This week we do a variant of Vertex Cover that I don’t think I’ve seen before, but we’ll use for the next problem.
After this week, I’m going to be traveling for three weeks. So the next post will be the week of August 14.
The problem: K-Vertex Cover. This problem is not in the appendix.
The description: Given a graph G=(V,E), and integers K and J. Does G contain a set of J or less paths, where each path contains K or less edges, and each edge in E is incident on at least one of these paths?
Example: Here is a graph:
A K-Vertex Cover where K = 0 is just a regular Vertex Cover:
With K=1, this is “Find a subset E’ of E where each edge in E shares an endpoint with something in E'”:
With K=2, we are finding paths of 2 (or less) edges where each edge in E is adjacent to something in a path (I colored each path a different color to make them easier to tell apart):
Notice that K is set as a parameter of the problem.

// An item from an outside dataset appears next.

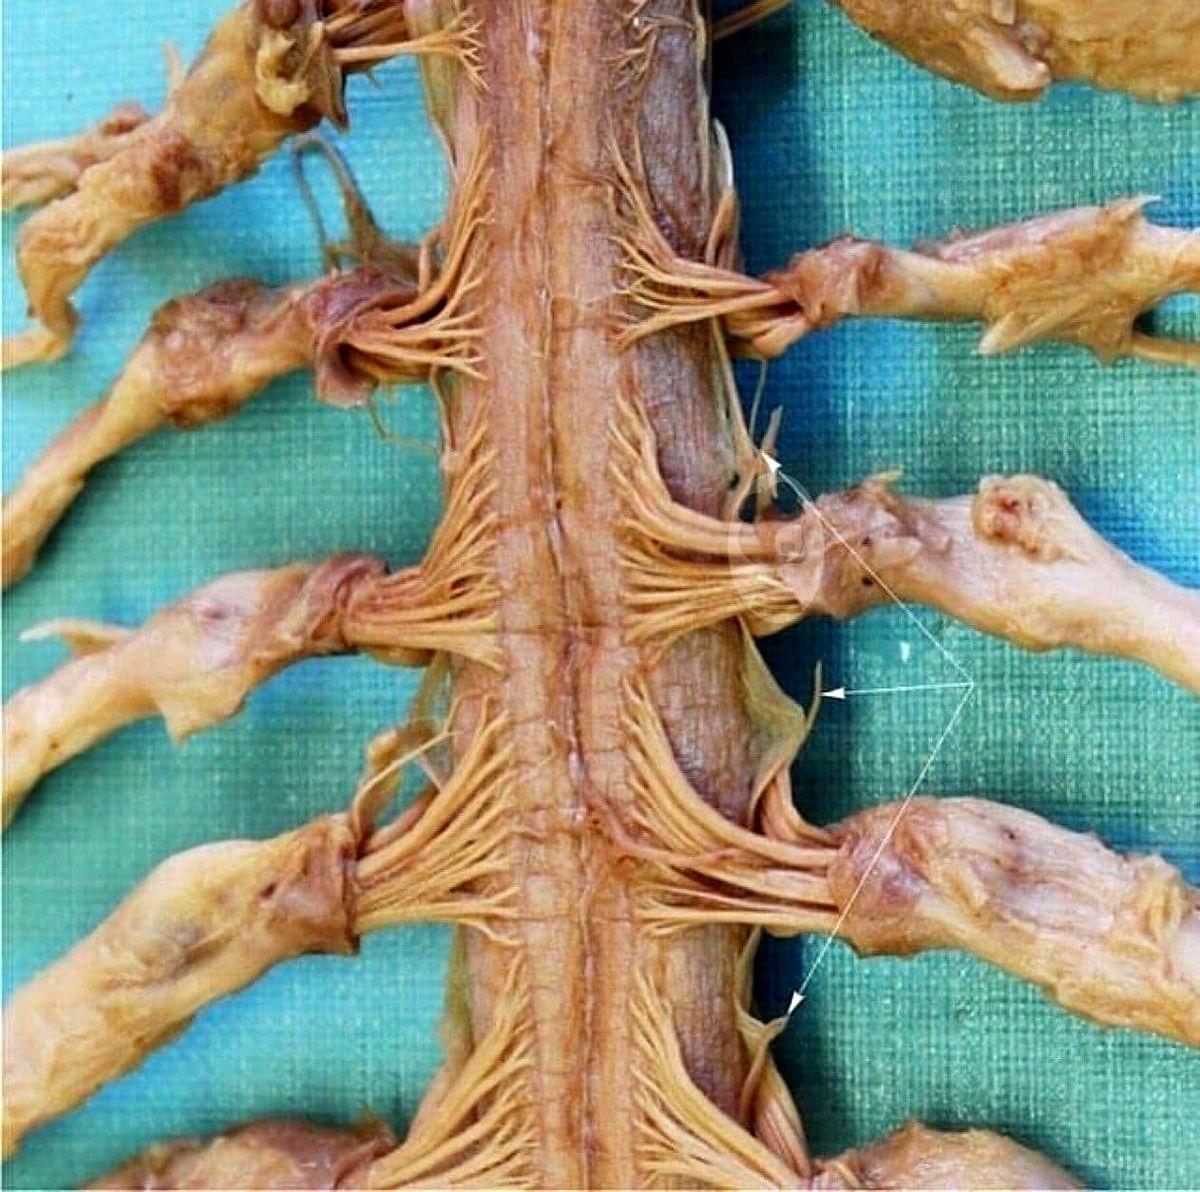 تصویر زوم شده از نخاع بدن انسان را ببینید

Reduction: The report by Storer that had the previous reduction (and which will have the next one) introduces this problem. The reduction is from Vertex Cover. I guess we could just take the initial VC instance, set K=0, and be done, but I like this construction because it shows how to make 1-VC, 2-VC, and so on NP-Complete. (In other words, if K is fixed outside of the problem, you need this reduction). Interestingly, a |V|-vertex cover is trivial (it’s asking if the graph has J or less connected components).
Given our VC instance G=(V,E), with bound J (instead of K, just because K here means something different and the J for our problem will be the same J for the VC instance), build a new graph G’=(V’, E’):
V’ starts with V, and adds two new vertices for each K and each J (so 2*K*J new vertices) labeled x1,1 through xj,k and y1,1 through yj,k. Notice that since J and K should be ≤ |V| (or the answer is trivial), this only adds a polynomial number of vertices.

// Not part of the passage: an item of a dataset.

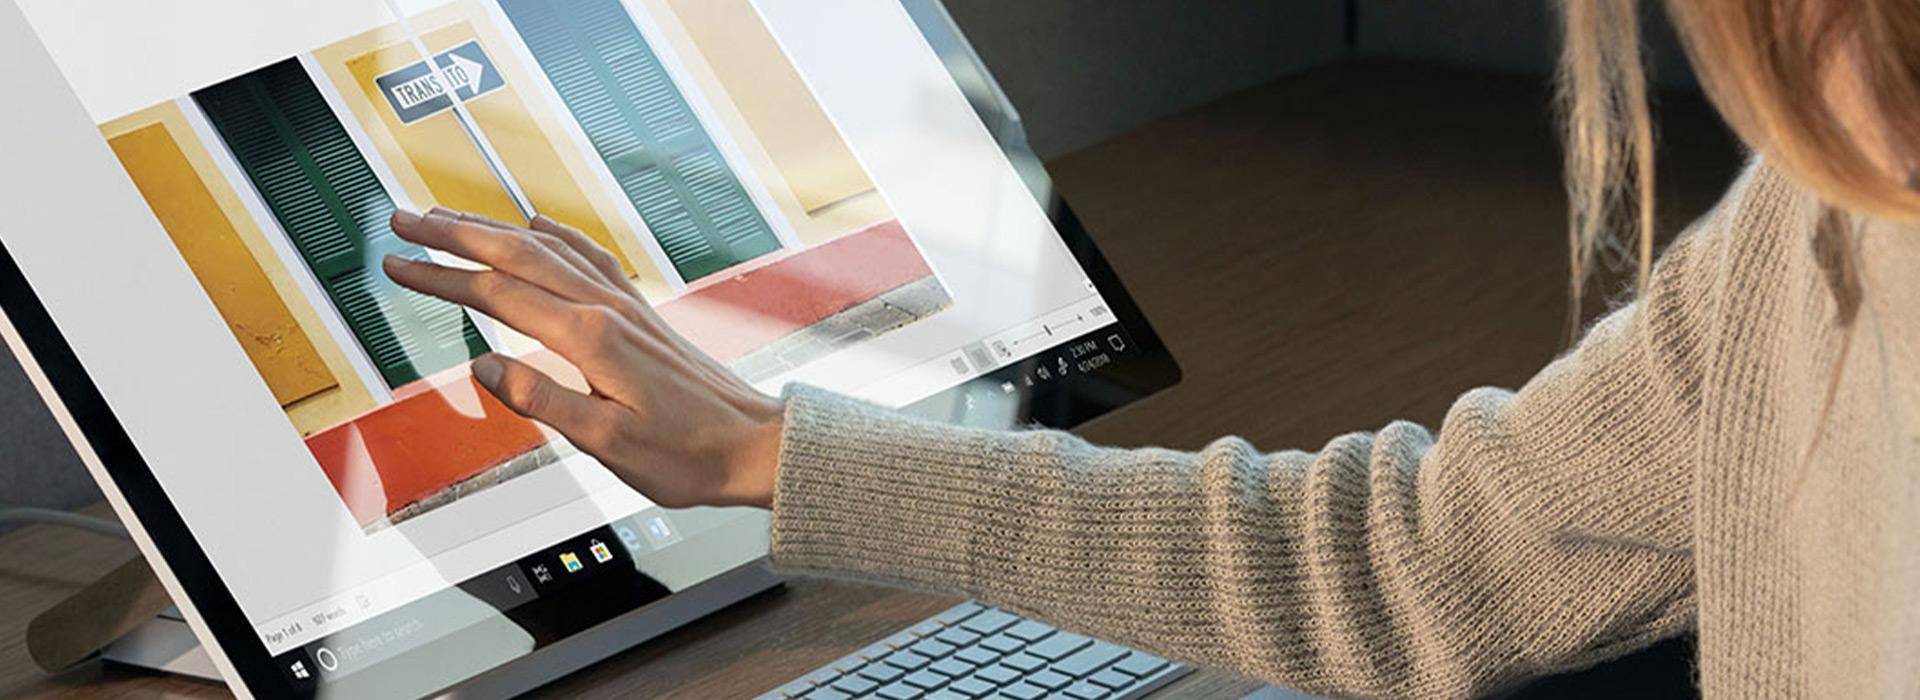 一位女士正在使用 Surface Studio 的觸控螢幕

E’ starts with E, adds an edge from each vertex in V to all x vertices labeled xj,1, an edge from each xi,j to its corresponding yi,j, and a vertex from xi,j to the next xi,k+1
The idea is that since each x vertex needs to connect to a y vertex, we will need to include a path that goes through each x vertex in our k-cover. Since there are J paths of length K, and each vertex in v connected to all xj,1, what happens is that each of the J vertices chosen in the VC of G “chooses” a different path of x vertices. So we can cover all of the vertices in G’ with J paths if and only if we can cover all of the vertices in G with J vertices.

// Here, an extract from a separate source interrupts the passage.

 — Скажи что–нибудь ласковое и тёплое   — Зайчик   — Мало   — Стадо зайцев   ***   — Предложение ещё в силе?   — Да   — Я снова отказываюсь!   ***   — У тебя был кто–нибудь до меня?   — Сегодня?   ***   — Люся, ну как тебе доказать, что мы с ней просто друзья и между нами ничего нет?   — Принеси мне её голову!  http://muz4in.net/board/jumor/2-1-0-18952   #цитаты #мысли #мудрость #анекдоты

Difficulty: 5. This is a pretty cool reduction. I like the idea of adding K *J copies of the vertices, because while you can do that for a graph problem (since K and J need to be < |V| realistically), you can’t do that for other kinds of problems. For example, trying to create an element for each value from 1 to K in the Sum of Subsets problem won’t give you a polynomial reduction.